Interface IShardedOptimizer<T, TInput, TOutput>
- Namespace
- AiDotNet.DistributedTraining
- Assembly
- AiDotNet.dll
Defines the contract for optimizers that support distributed training with parameter sharding.
public interface IShardedOptimizer<T, TInput, TOutput> : IOptimizer<T, TInput, TOutput>, IModelSerializer
Type Parameters
TThe numeric type for operations
TInputThe input type for the model
TOutputThe output type for the model
- Inherited Members
- Extension Methods
Remarks
For Beginners: A sharded optimizer is like having a team of coaches working together. Each coach (process) is responsible for updating a portion of the player's (model's) skills.

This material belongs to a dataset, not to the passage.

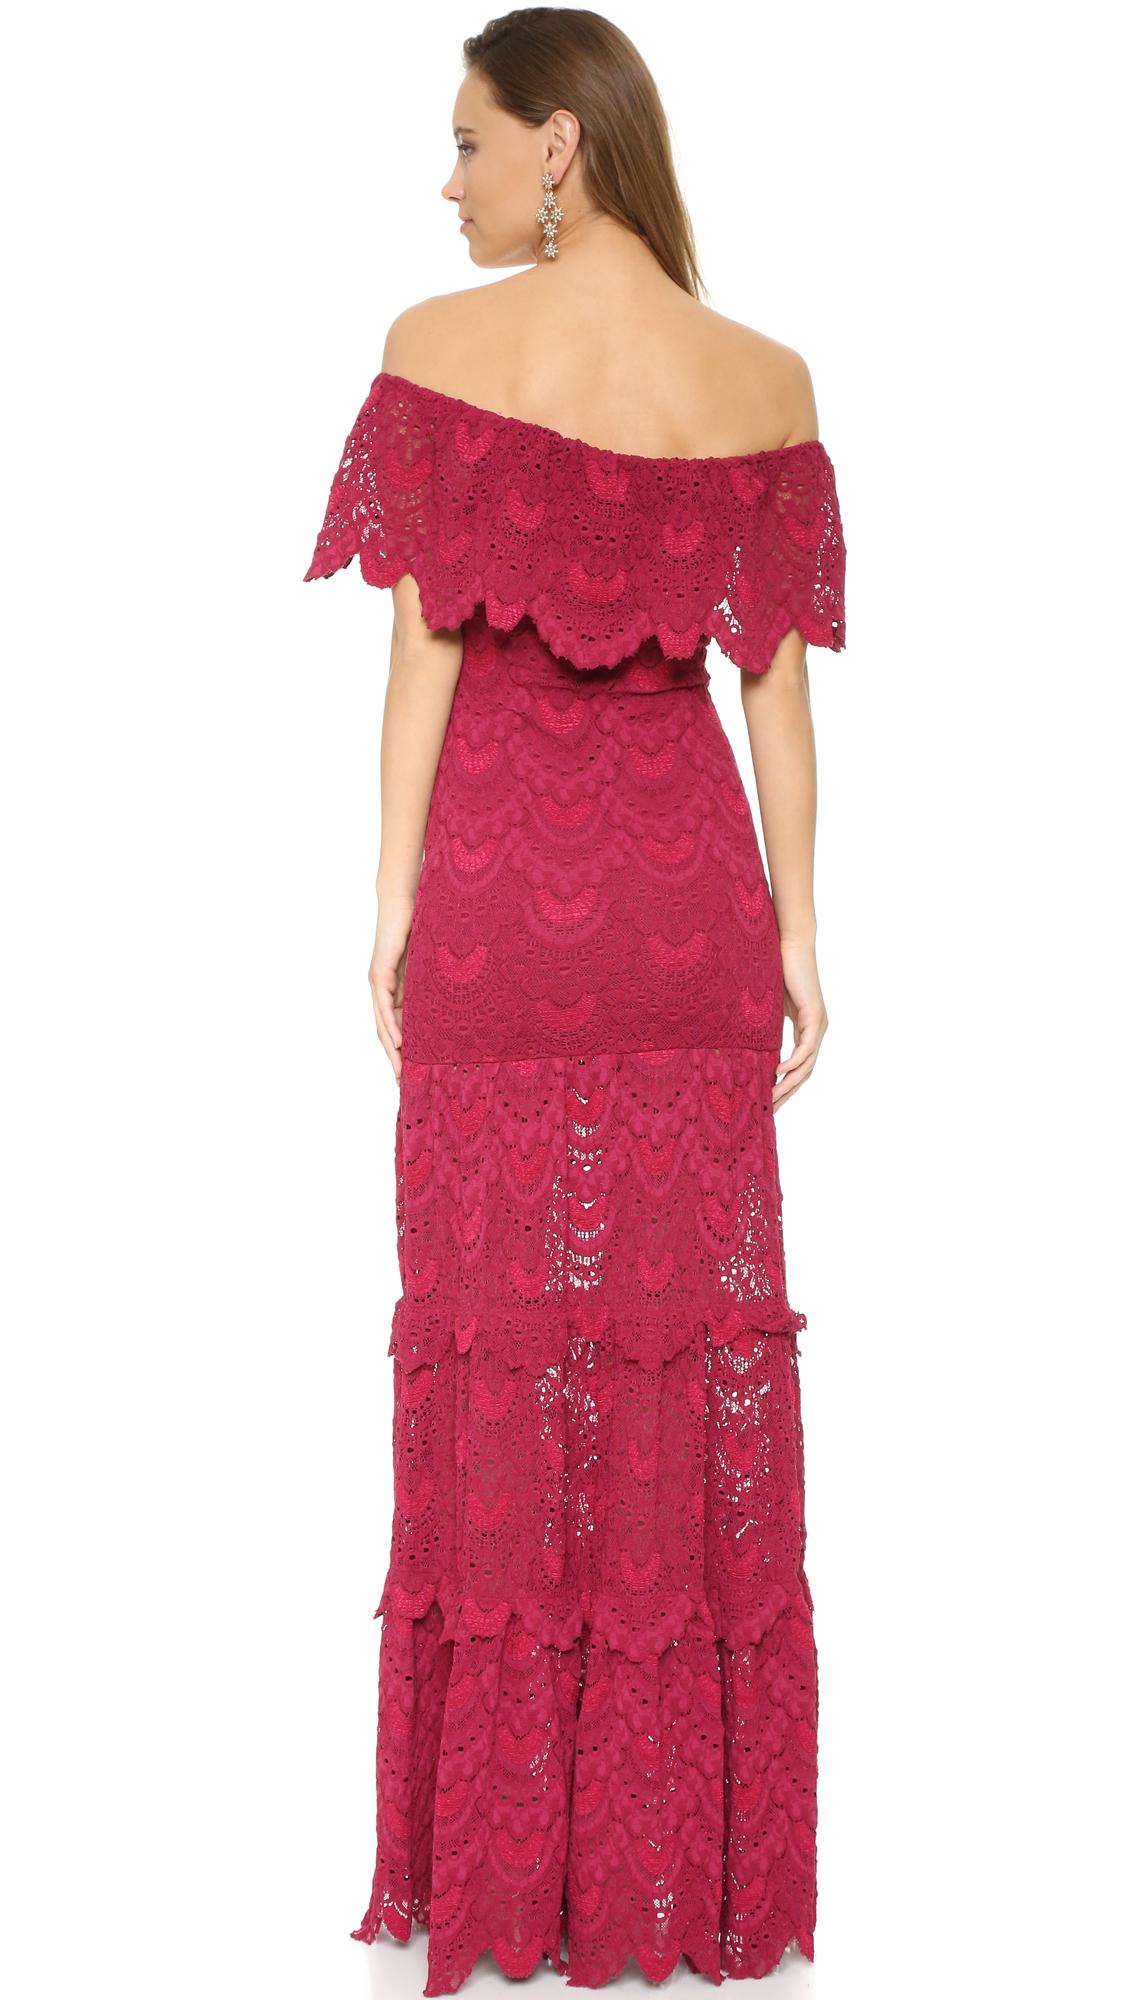 Positano maxi dresses

After each round of practice, the coaches share and combine their improvements to ensure everyone stays in sync.
This allows optimizing very large models that don't fit on a single GPU.
Properties
Rank
Gets the rank of this process in the distributed group.
int Rank { get; }
Property Value
Remarks
For Beginners: Each process has a unique ID (rank). This tells you which process you are. Rank 0 is typically the "coordinator" process.
ShardingConfiguration
Gets the sharding configuration for this optimizer.
IShardingConfiguration<T> ShardingConfiguration { get; }
Property Value
WorldSize
Gets the total number of processes in the distributed group.
int WorldSize { get; }
Property Value
Remarks
For Beginners: This is how many processes are working together to optimize the model. For example, if you have 4 GPUs, WorldSize would be 4.
WrappedOptimizer
Gets the underlying wrapped optimizer.
IOptimizer<T, TInput, TOutput> WrappedOptimizer { get; }
Property Value
- IOptimizer<T, TInput, TOutput>
Remarks
For Beginners: This is the original optimizer (like Adam, SGD, etc.) that we're adding distributed training capabilities to. Think of it as the "core brain" that we're helping to work across multiple processes.
Methods
SynchronizeOptimizerState()
Synchronizes optimizer state (like momentum buffers) across all processes.
void SynchronizeOptimizerState()
Remarks
For Beginners: Some optimizers (like Adam) keep track of past gradients to make smarter updates. This method makes sure all processes have the same optimizer state, so they stay coordinated. It's like making sure all team members are reading from the same playbook.